**What to produce**
Once the line containing "Googlexxxww - Google" is reached in the listing below, reproduce it and all later lines through the final one exactly, but omit any pictures.

**Recorded data**
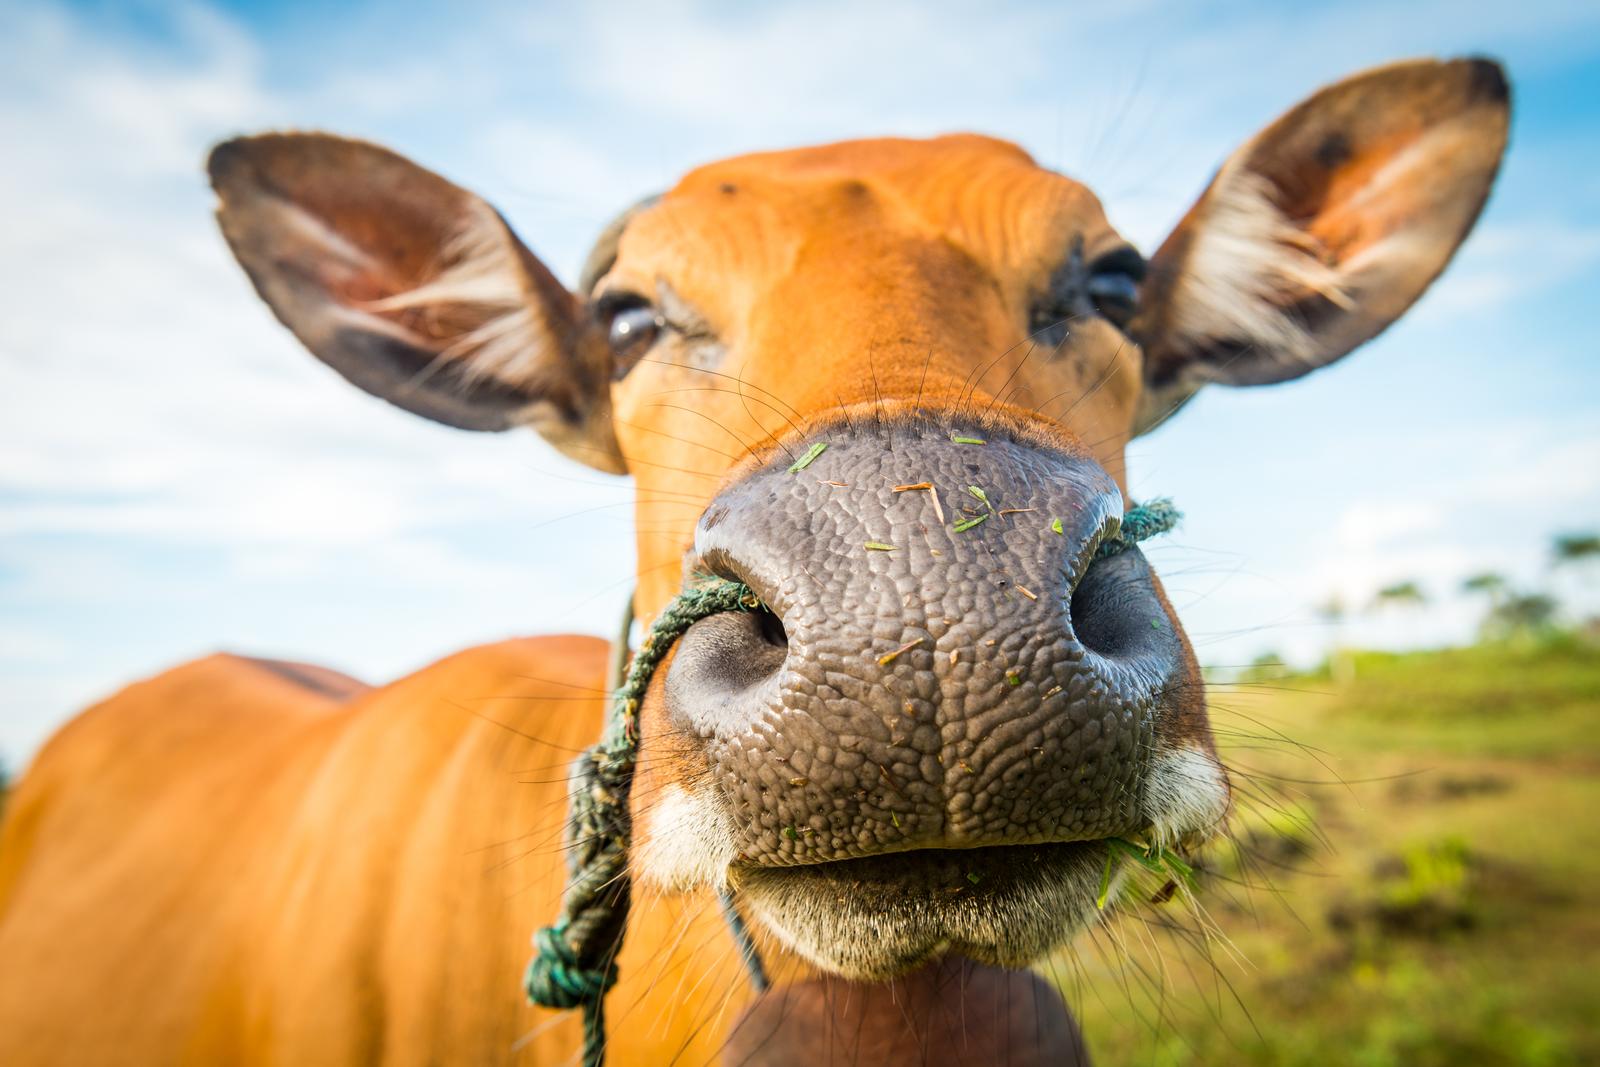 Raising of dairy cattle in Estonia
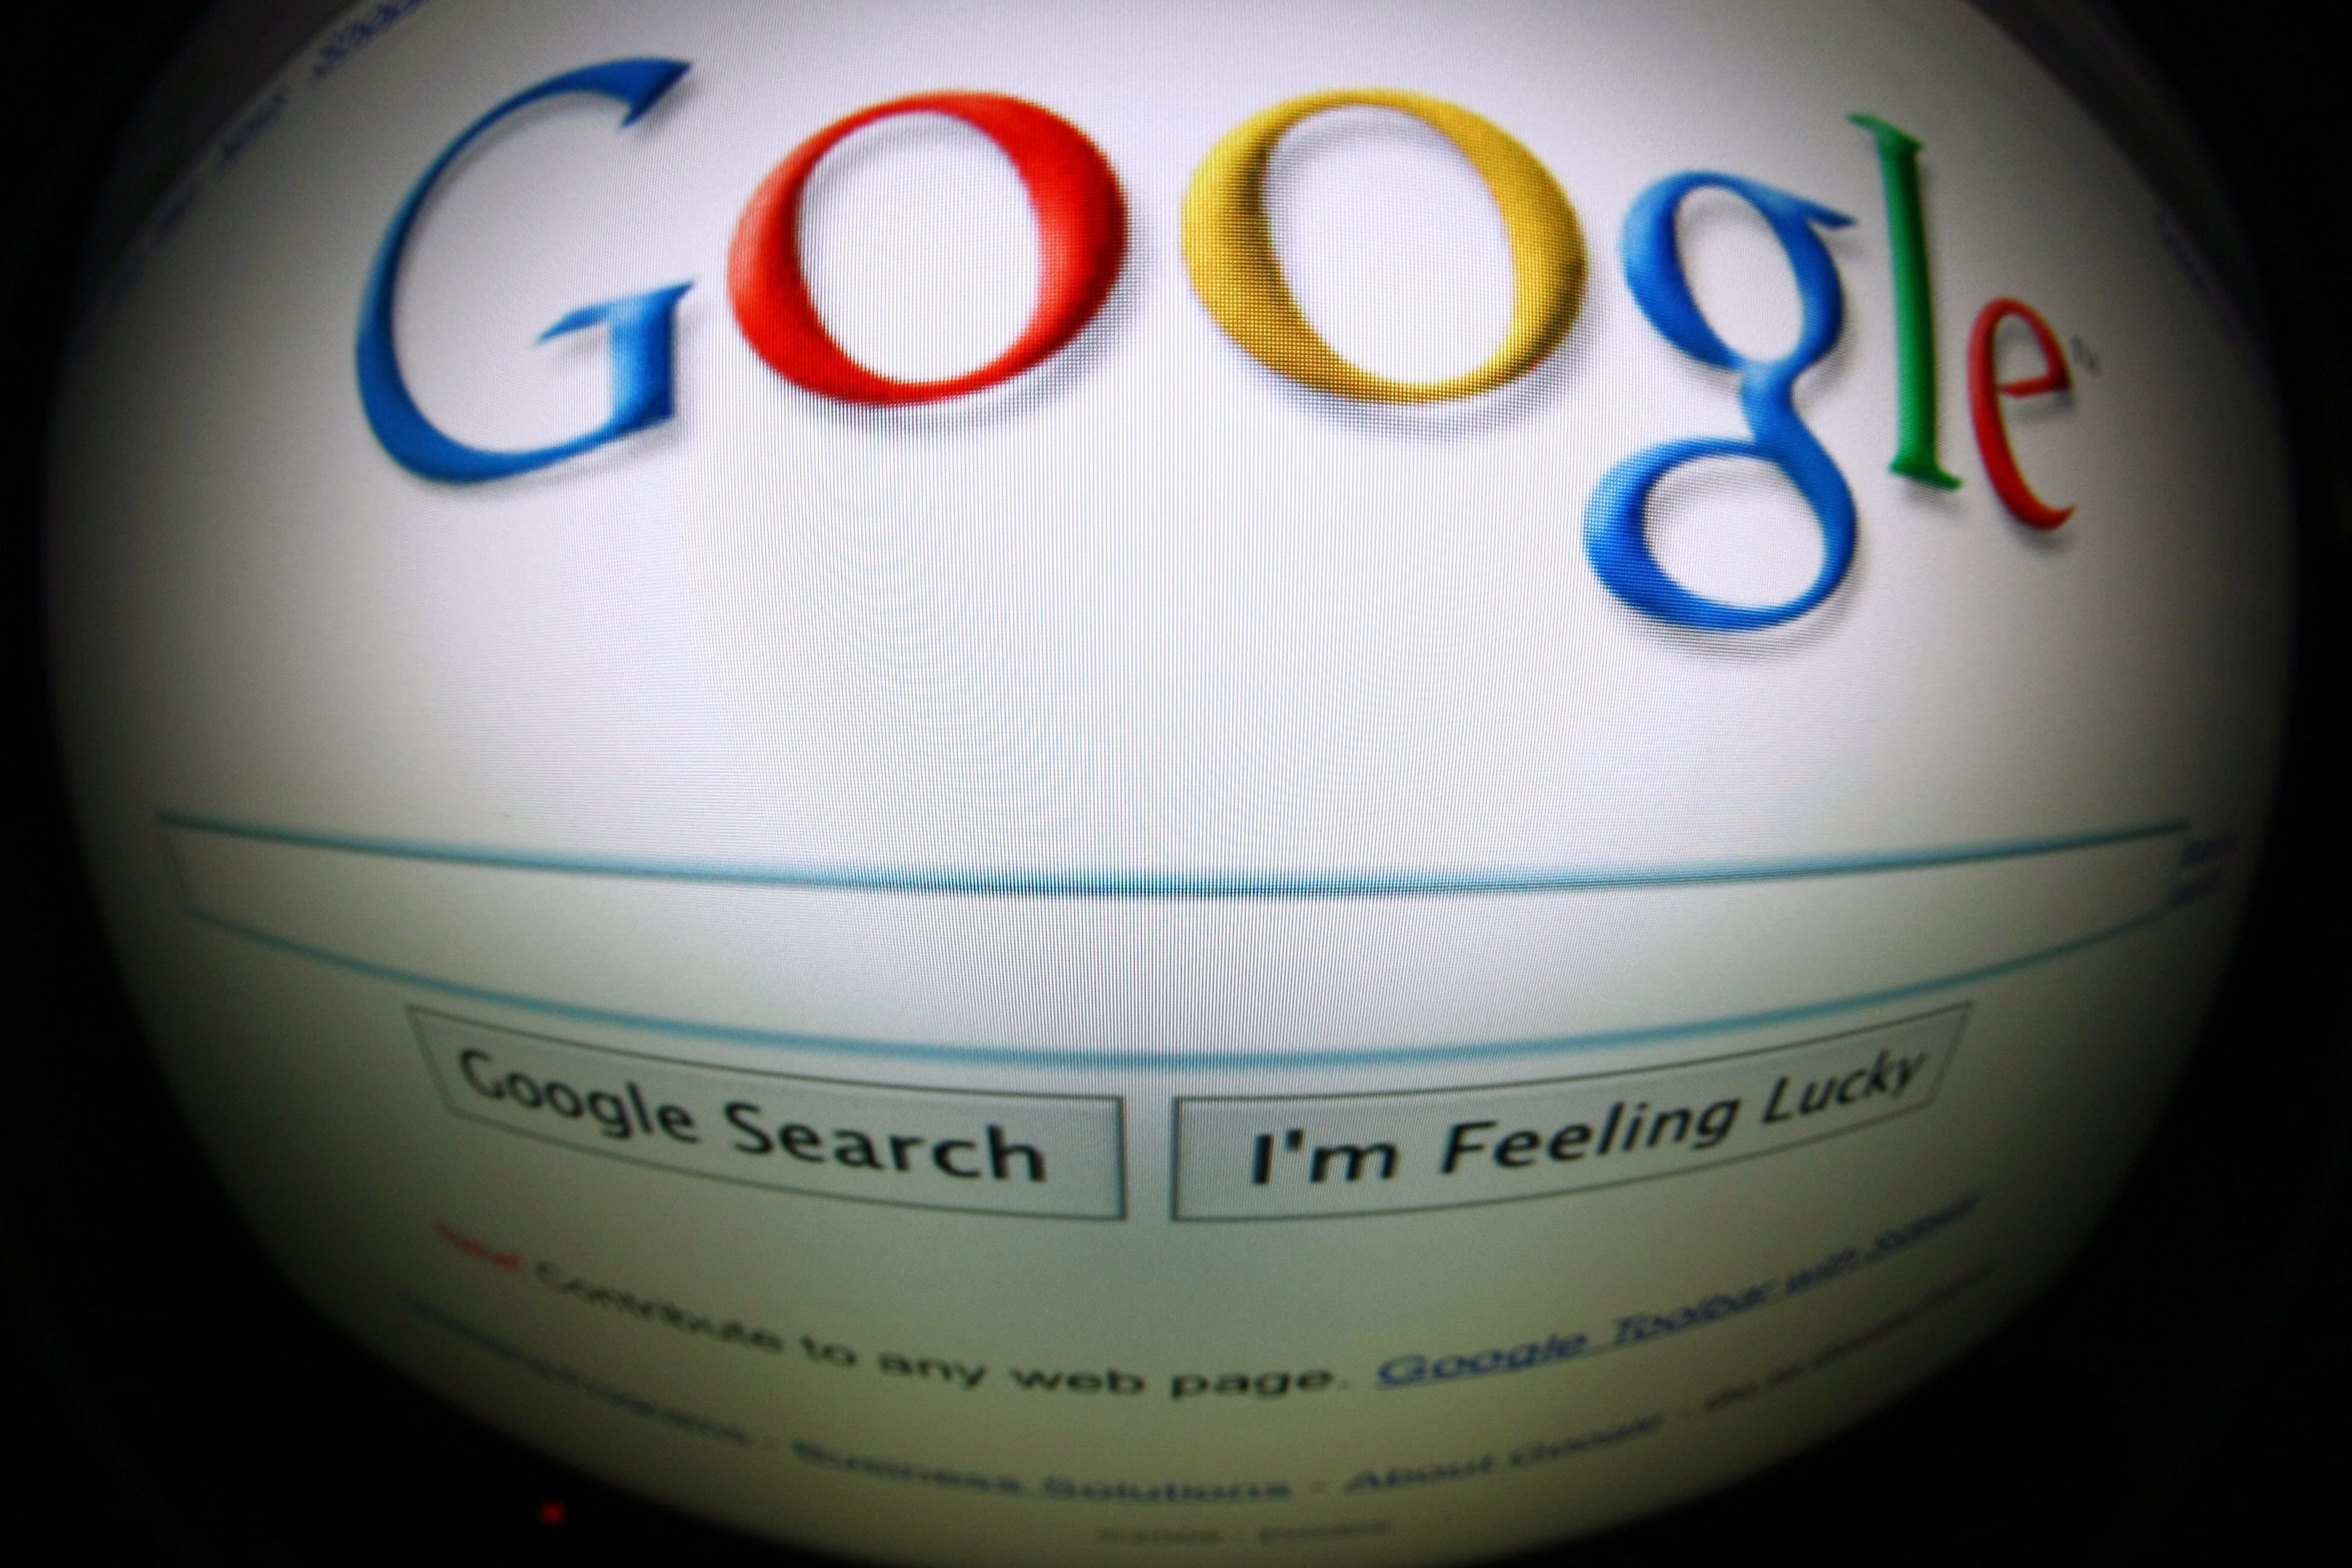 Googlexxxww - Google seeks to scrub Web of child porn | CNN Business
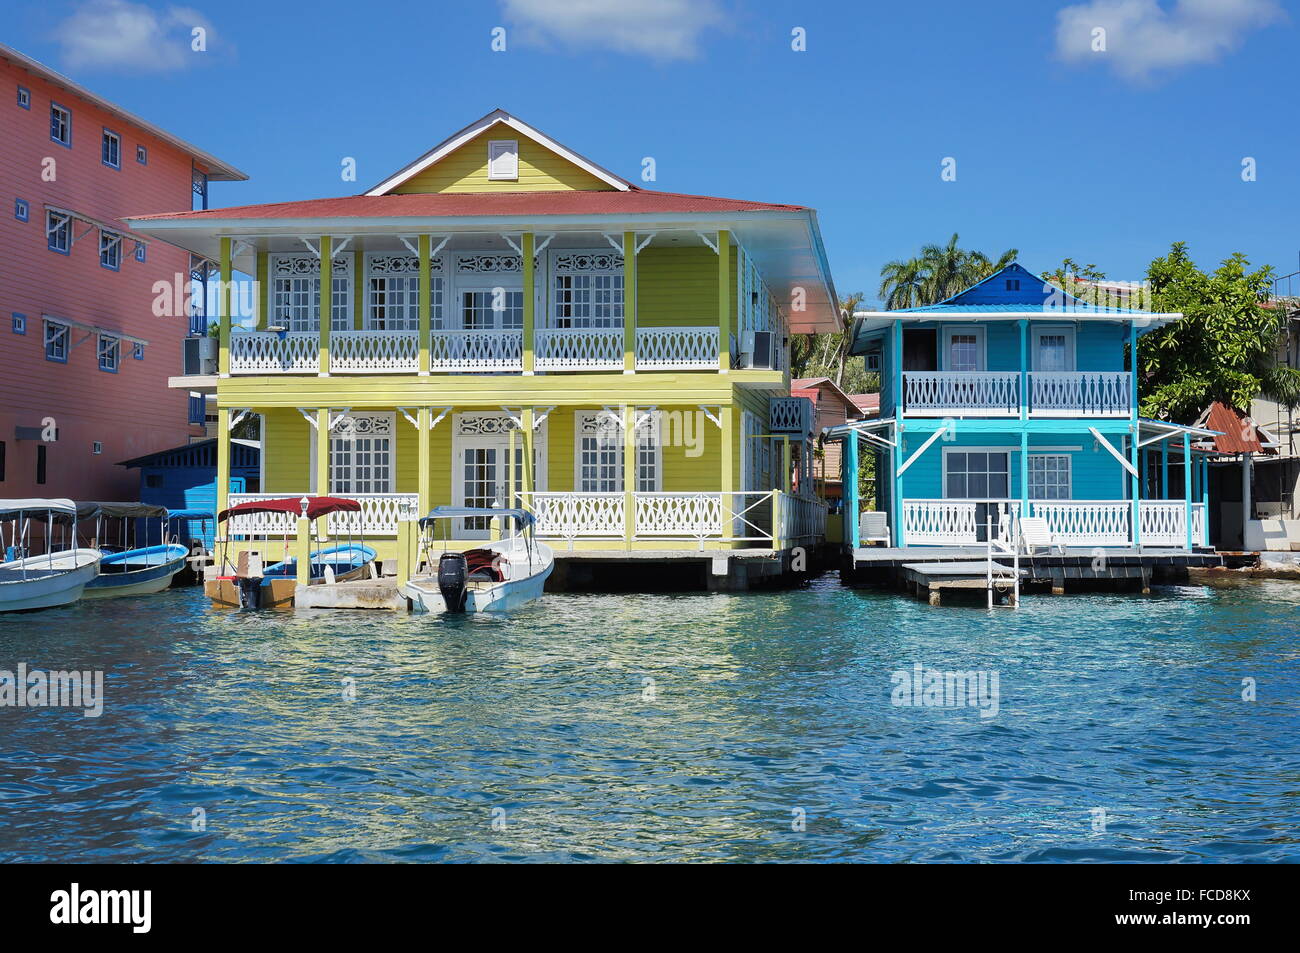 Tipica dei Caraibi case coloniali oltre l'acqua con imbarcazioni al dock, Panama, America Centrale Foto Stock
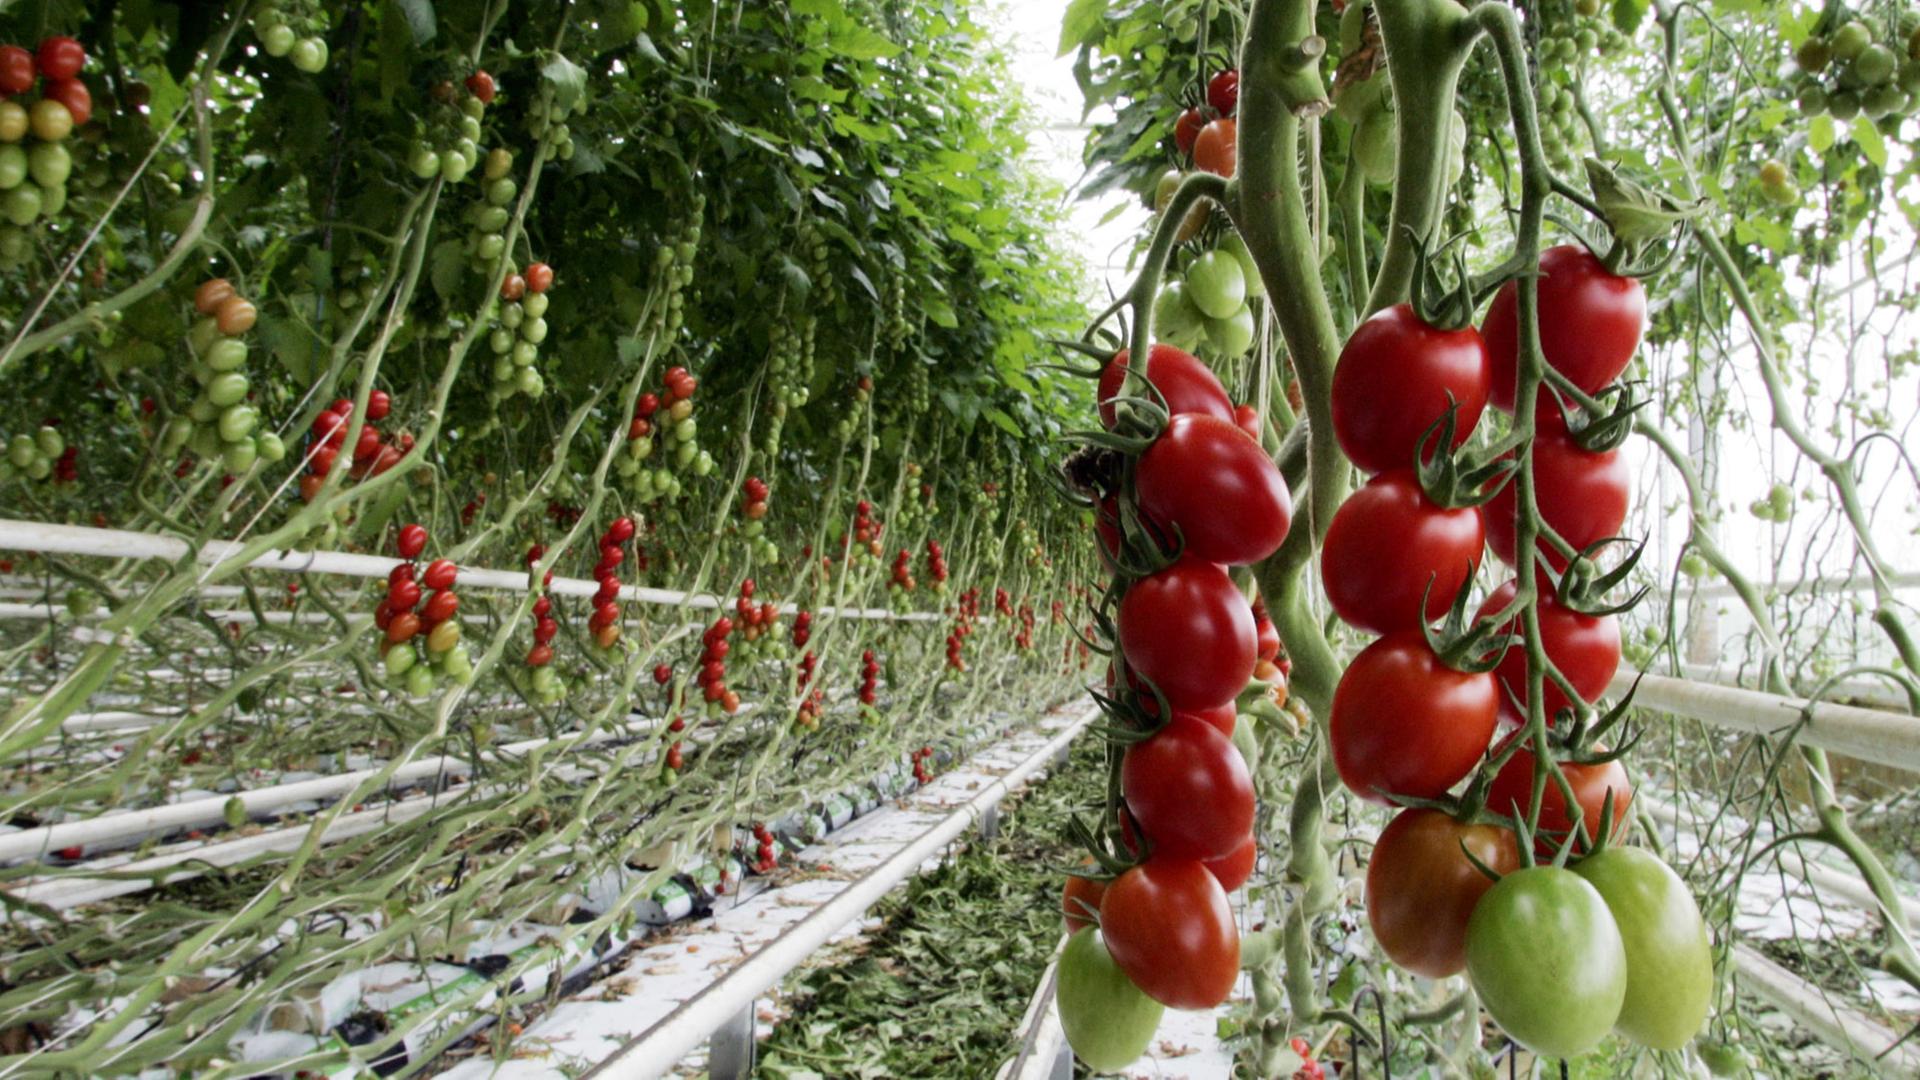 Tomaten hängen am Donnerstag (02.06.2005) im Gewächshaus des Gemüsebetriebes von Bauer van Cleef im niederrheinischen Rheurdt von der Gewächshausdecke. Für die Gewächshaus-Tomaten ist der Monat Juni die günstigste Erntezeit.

**Solution below**
 Googlexxxww - Google seeks to scrub Web of child porn | CNN Business
 Tipica dei Caraibi case coloniali oltre l'acqua con imbarcazioni al dock, Panama, America Centrale Foto Stock
 Tomaten hängen am Donnerstag (02.06.2005) im Gewächshaus des Gemüsebetriebes von Bauer van Cleef im niederrheinischen Rheurdt von der Gewächshausdecke. Für die Gewächshaus-Tomaten ist der Monat Juni die günstigste Erntezeit.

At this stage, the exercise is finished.